In fact, the financial secretary had been a lightning rod since he singled out the popular HK$2 transport fare concession scheme for the elderly and persons with disabilities for review in his budget speech last year. But he had good reason to do this. Expenditure on this concession has ballooned from around HK$230 million in 2012-13 to a projected HK$4.6 billion in 2024-25, and HK$5.6 billion in 2025-26.

The scheme was extended to multiple modes of transport and the qualifying age lowered to 60 in 2022, as part of the “10 new initiatives to benefit livelihoods for over a million grass-roots and underprivileged people” announced by chief executive Carrie Lam Cheng Yuet-ngor in January 2020.

The HK$2 scheme has become wildly popular with large numbers of Hong Kong residents.

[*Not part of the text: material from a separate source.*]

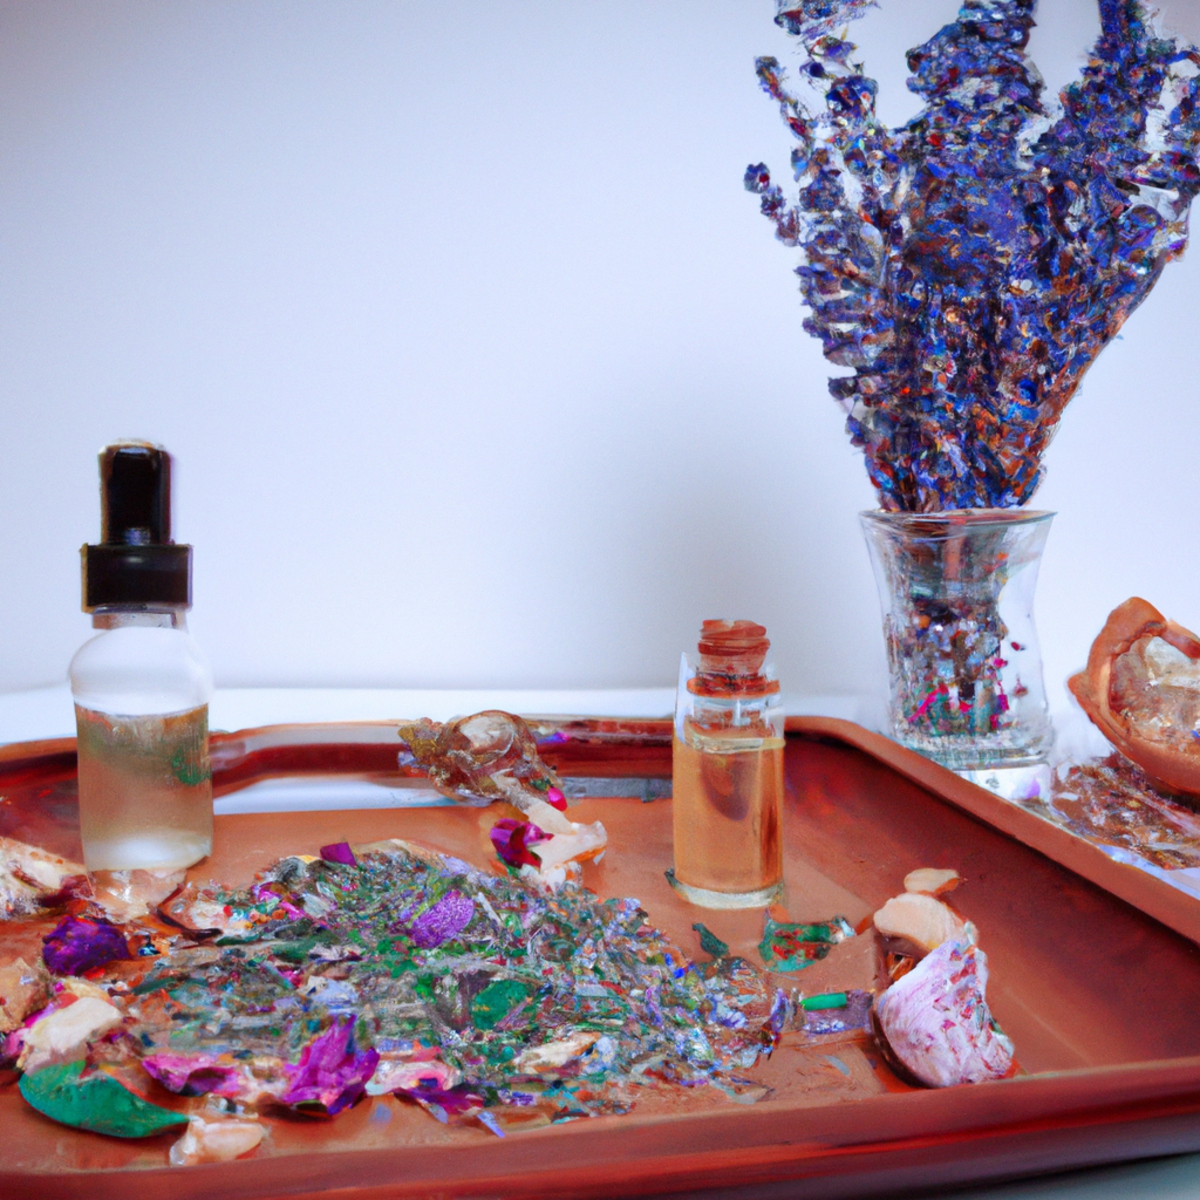 Aromatherapy tray with lavender oil, dried flowers, sage, rose petals, and diffuser emitting calming mist for stress relief.

Any person aged 60 or above can have a fun day in Shenzhen or Discovery Bay, spending no more than HK$4 on transport. As many as 2.4 million Hongkongers have benefited from the government’s largesse.

The position of political parties on this contentious subsidy varies greatly, depending on their voter base – whether they have large numbers of grass-roots voters in geographical constituencies or more budget-conscious voters in middle-class and professional constituencies.

The lowering of the qualifying age for the HK$2 scheme is far from the biggest spender in the package of initiatives implemented by Lam. She reformed the old age living allowance for low-income elderly people by combining the normal rate with the higher rate.